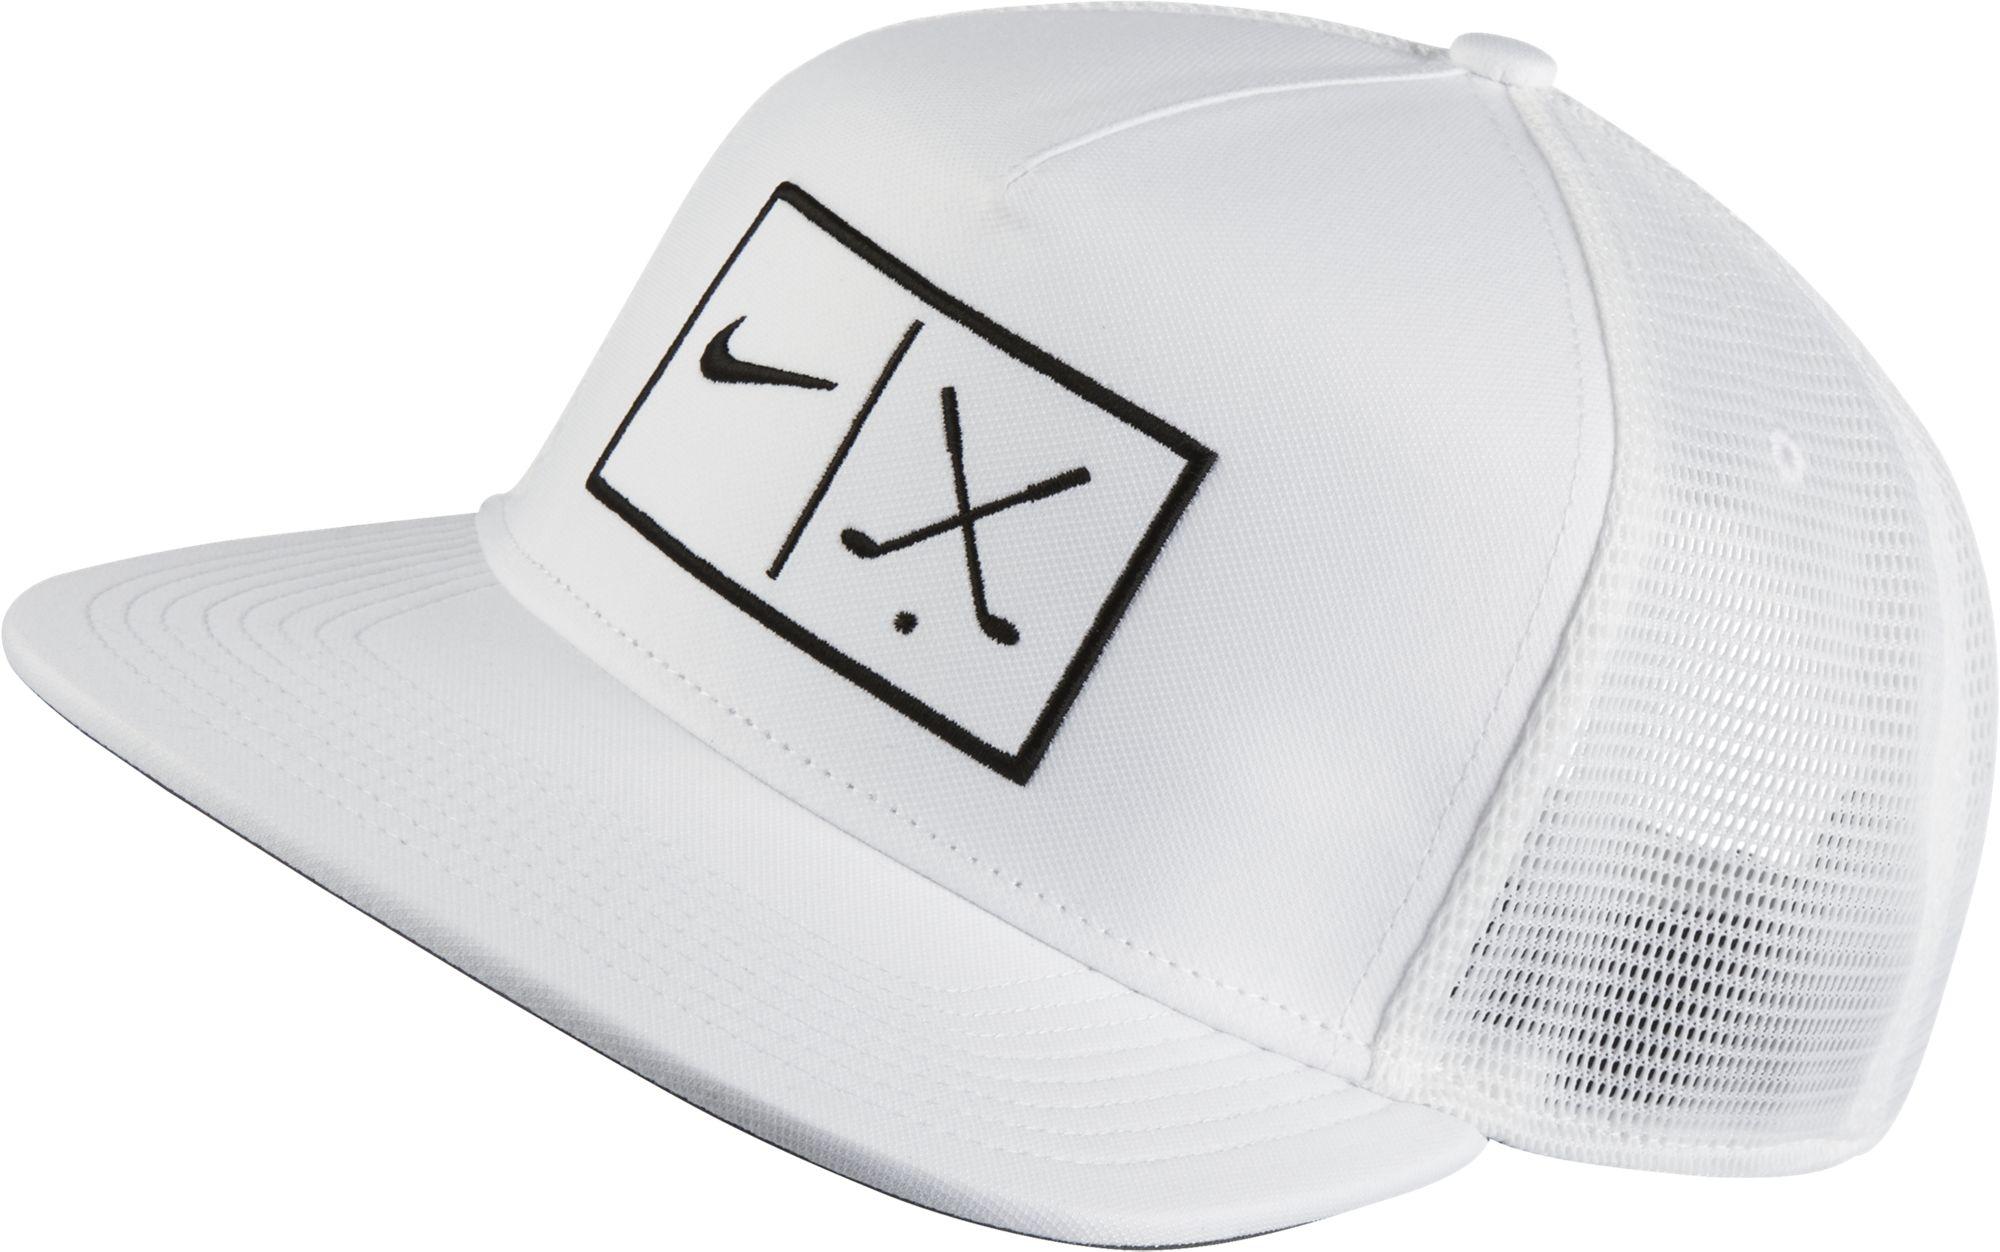 Nike-Golf-2017-Pro-Mesh-Adjustable-Cap-Hat-
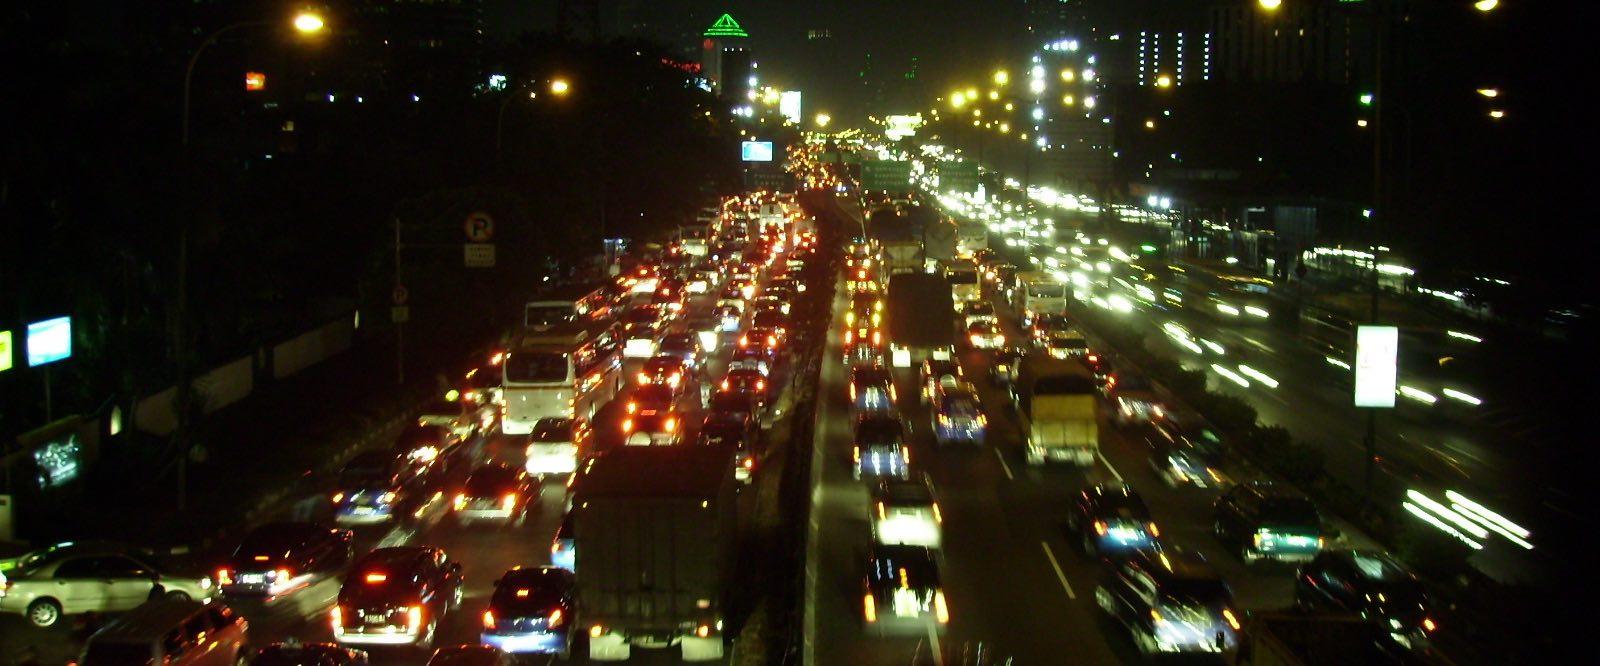 Traffic flows, Jakarta (Photo: basibanget/Flickr)
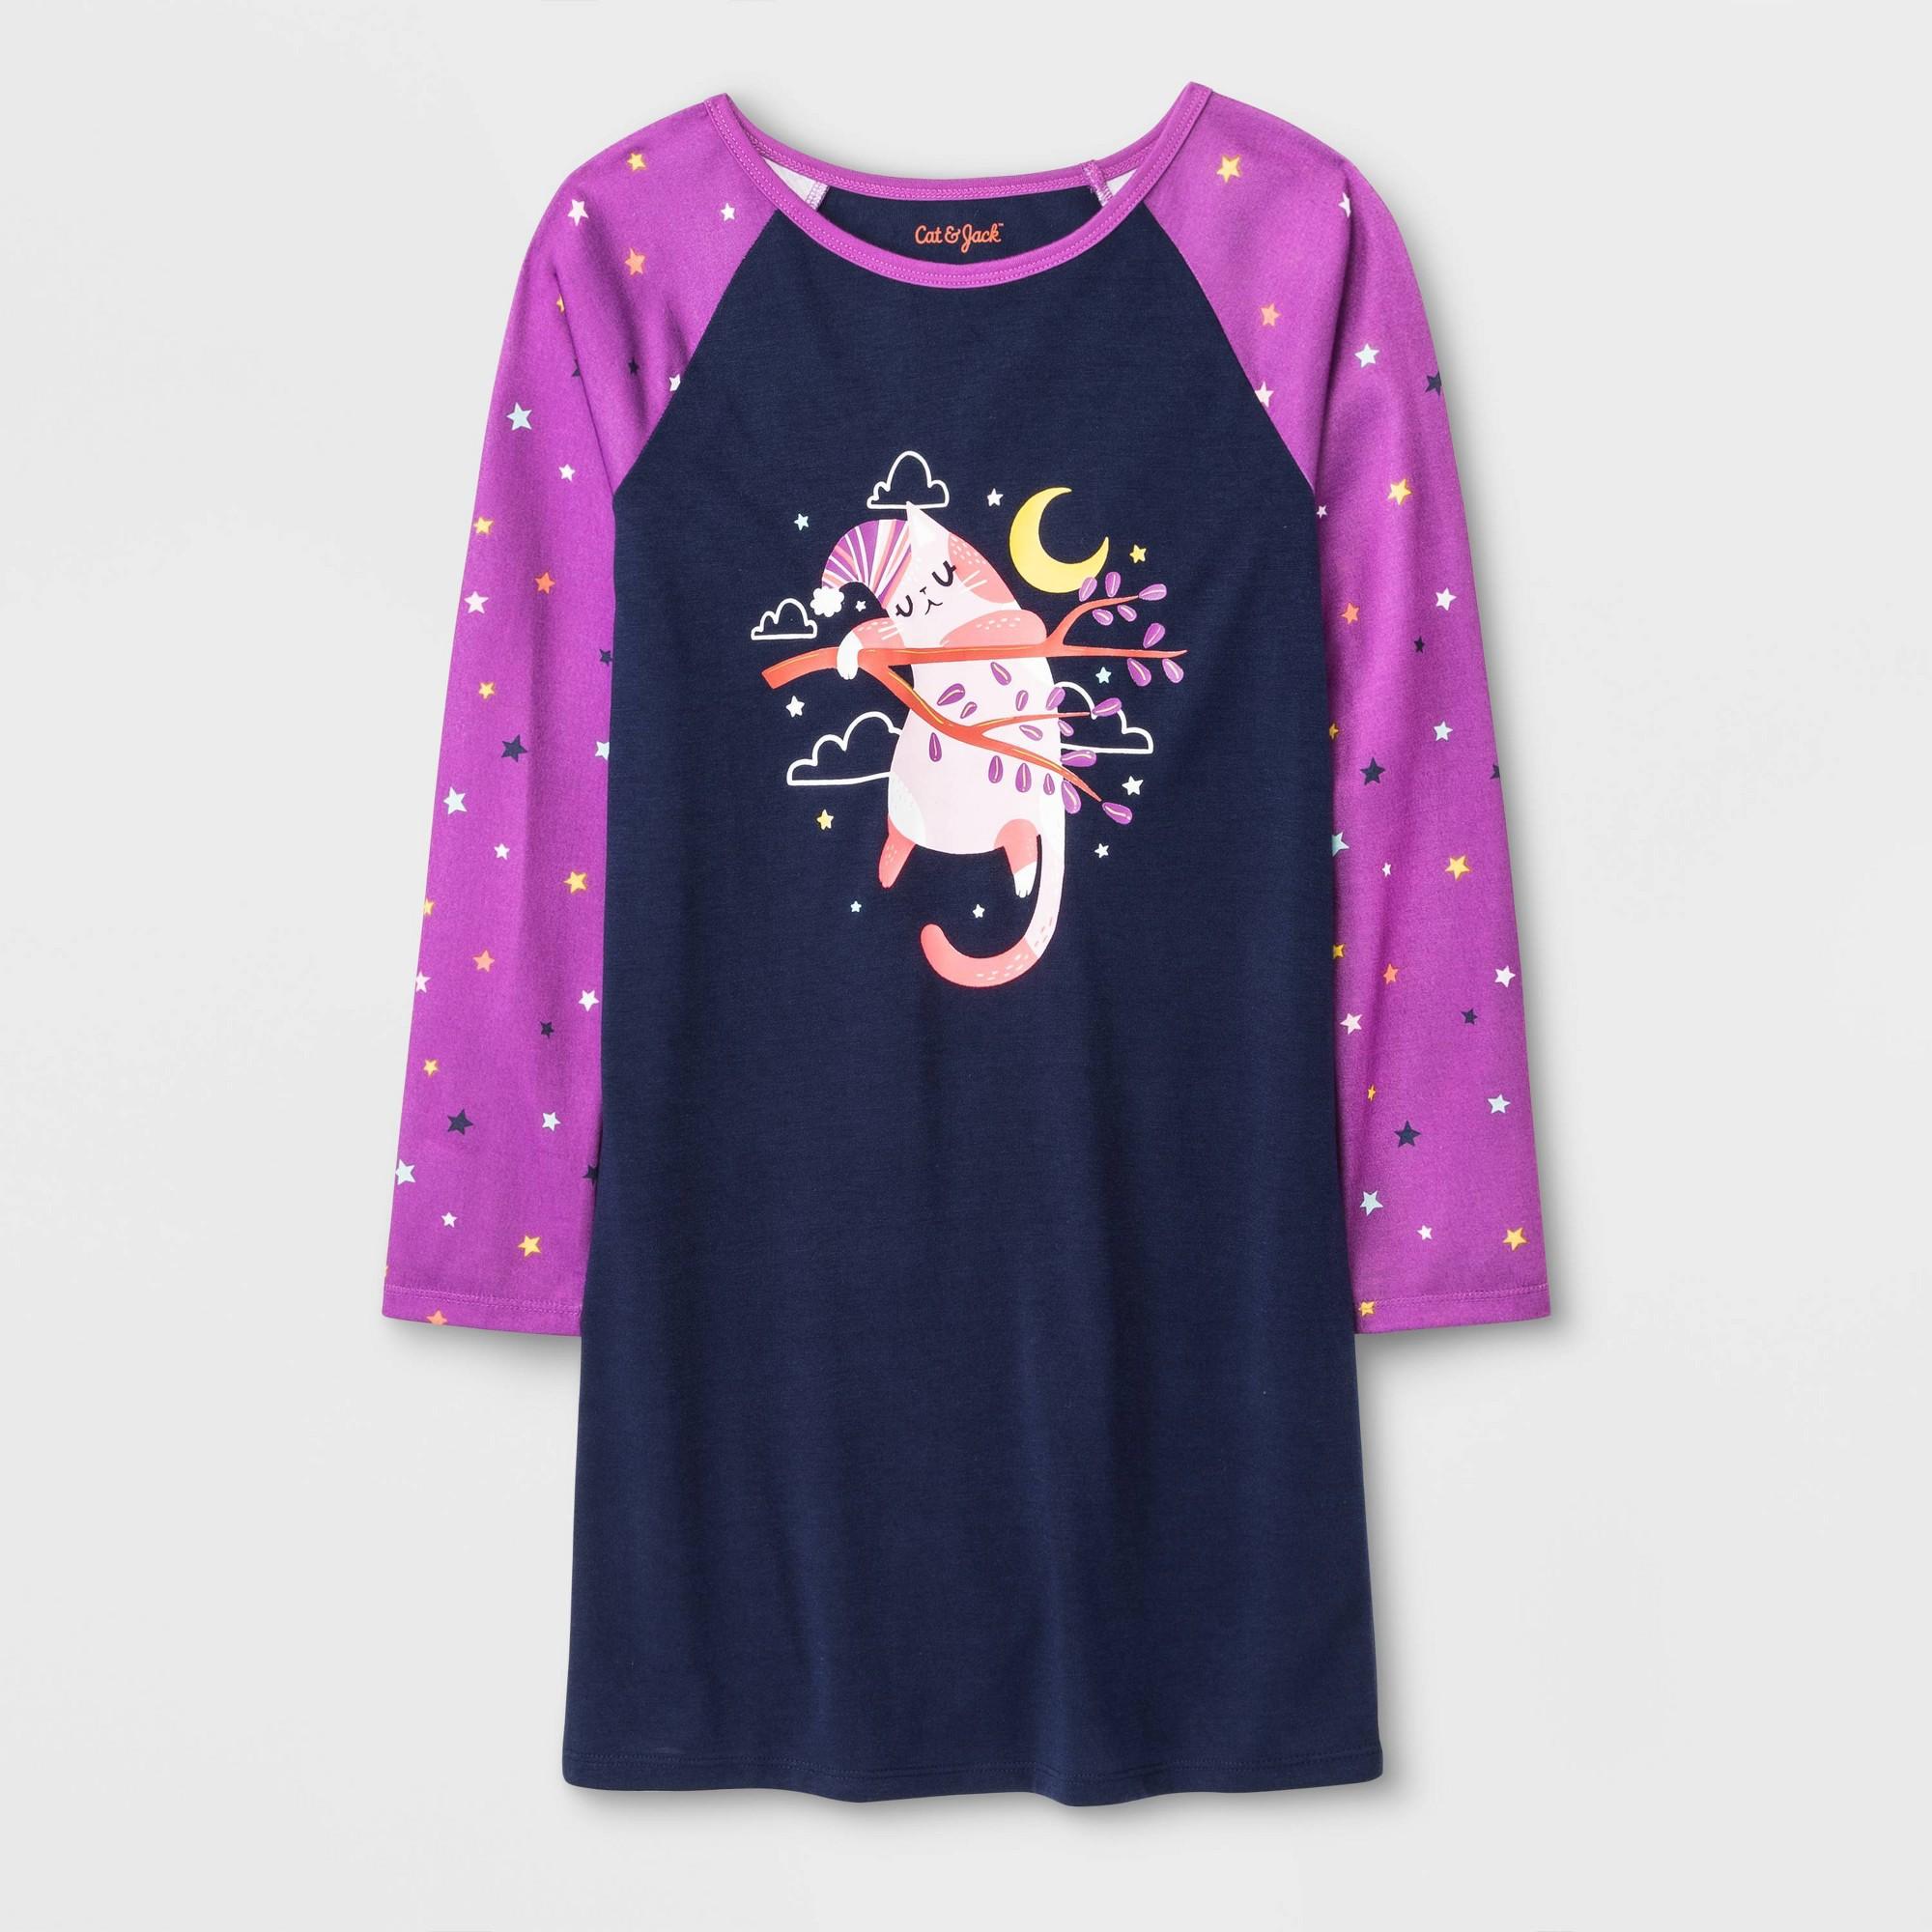 Girls' One Piece Pajamas - Cat & Jack Blue XL, Girl's

[TASK DIRECTIONS] Output the material word for word. Pictures do not go in.

[ANSWER FOR THIS EXERCISE]
 Nike-Golf-2017-Pro-Mesh-Adjustable-Cap-Hat-
 Traffic flows, Jakarta (Photo: basibanget/Flickr)
 Girls' One Piece Pajamas - Cat & Jack Blue XL, Girl's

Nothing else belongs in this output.